Emma Soper, a 23-year-old linguistics student in Hamilton, can put an exact year to that time: 2011, when she was nine years old and got the digital camera she still uses today.
“It’s comforting to go back to a time when there was less responsibility and things felt more like someone else was deciding for you — it’s kind of a break from the mentality of: ‘I’ve gotta figure this out on my own,’” she said.
She also likes that the photos she takes with the digital camera aren’t necessarily for sharing.
“It’s not like, ‘I’m gonna upload this to VSCO and adjust the contrast and the sharpness and the saturation and make sure I have a nice caption,’” Soper said. “It was just, smile for the camera, and that’s it — even though I know full well I will likely post some of those pictures on Instagram.”
Cedrick Pizarro has perfected his process for sharing the photos from his digital camera.

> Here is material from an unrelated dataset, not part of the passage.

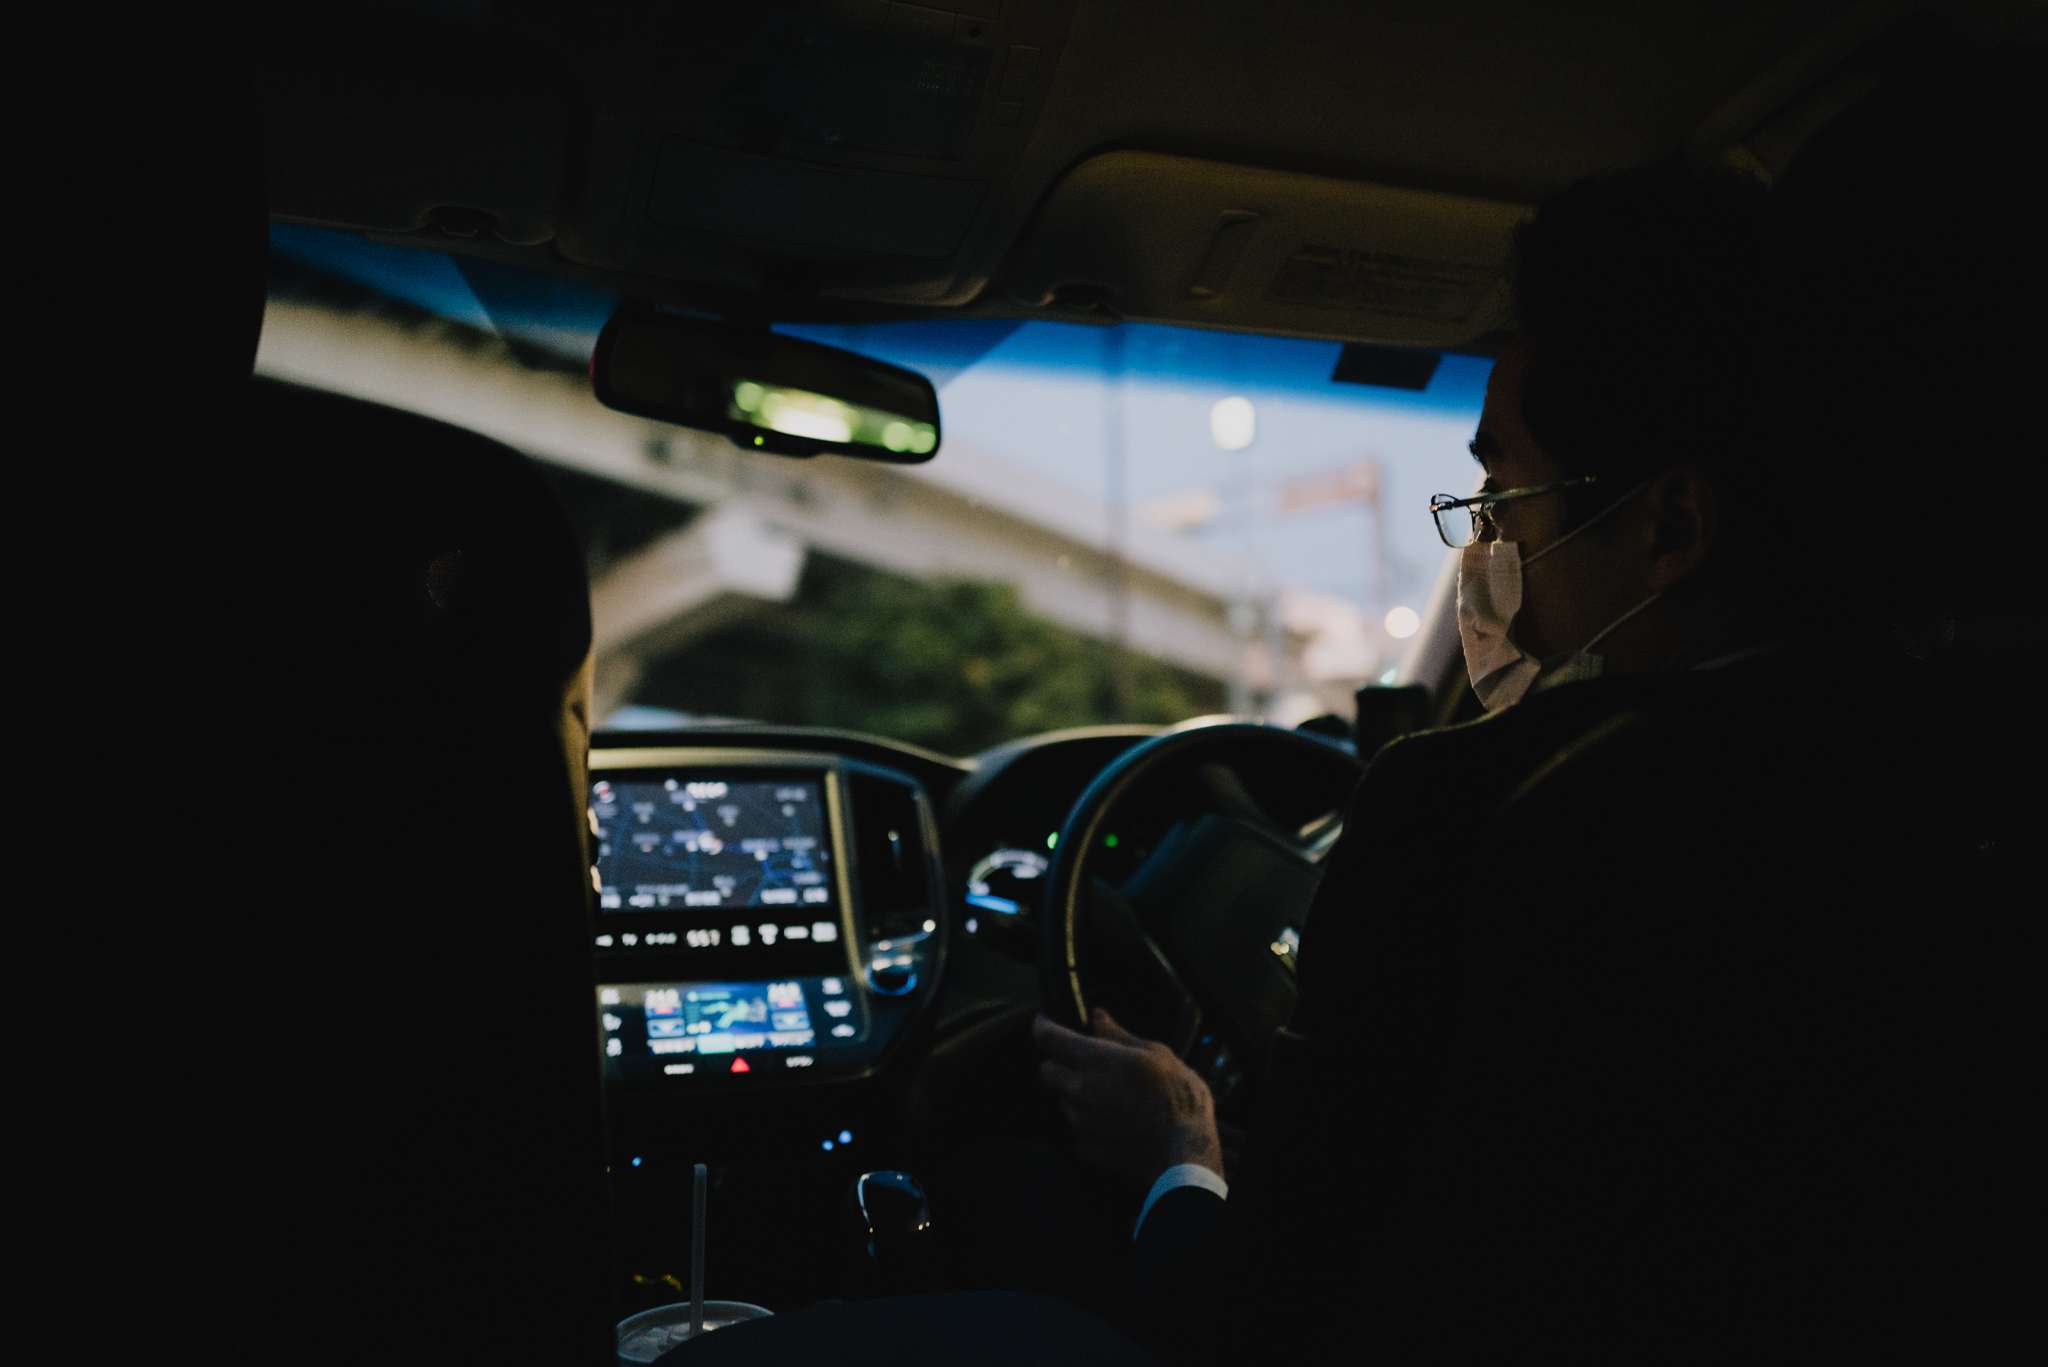 A taxi driver in Tokyo, Japan. Photographed with a Leica Q2.

The 20-year-old flight services student from Toronto has become his friend group’s de facto photographer — and unlike Chigak and Soper, he’s editing his pictures. He uploads them to Darkroom, an app in which he’s created preset filters to enhance the retro feel.
Then, Pizarro shares the photos to his Instagram stories so his friends can see them and ask for copies.
But Pizarro is using more than just his digital camera: he also takes photos with his phone and an Instax instant camera.
The phone is good for videos and immediate sharing, while the Instax photos feel more spontaneous.
“There’s no second take,” he said of his digicam. “With the digital camera, you can take more and more, while Instax only has 10 (sheets of film.)”
In that sense, the digital camera is unlike the phone and the film camera, he said.
“It’s so fun taking photos without knowing the outcome,” he said. “You can see it in the camera, but it’s so small…If you take a photo on your phone and then you see it, you’ll want to redo it.”
An added bonus?
“When I was a kid I wasn’t able to use the digital camera because it could be broken easily,” he said. “So now I get a chance to take pictures whenever I want.”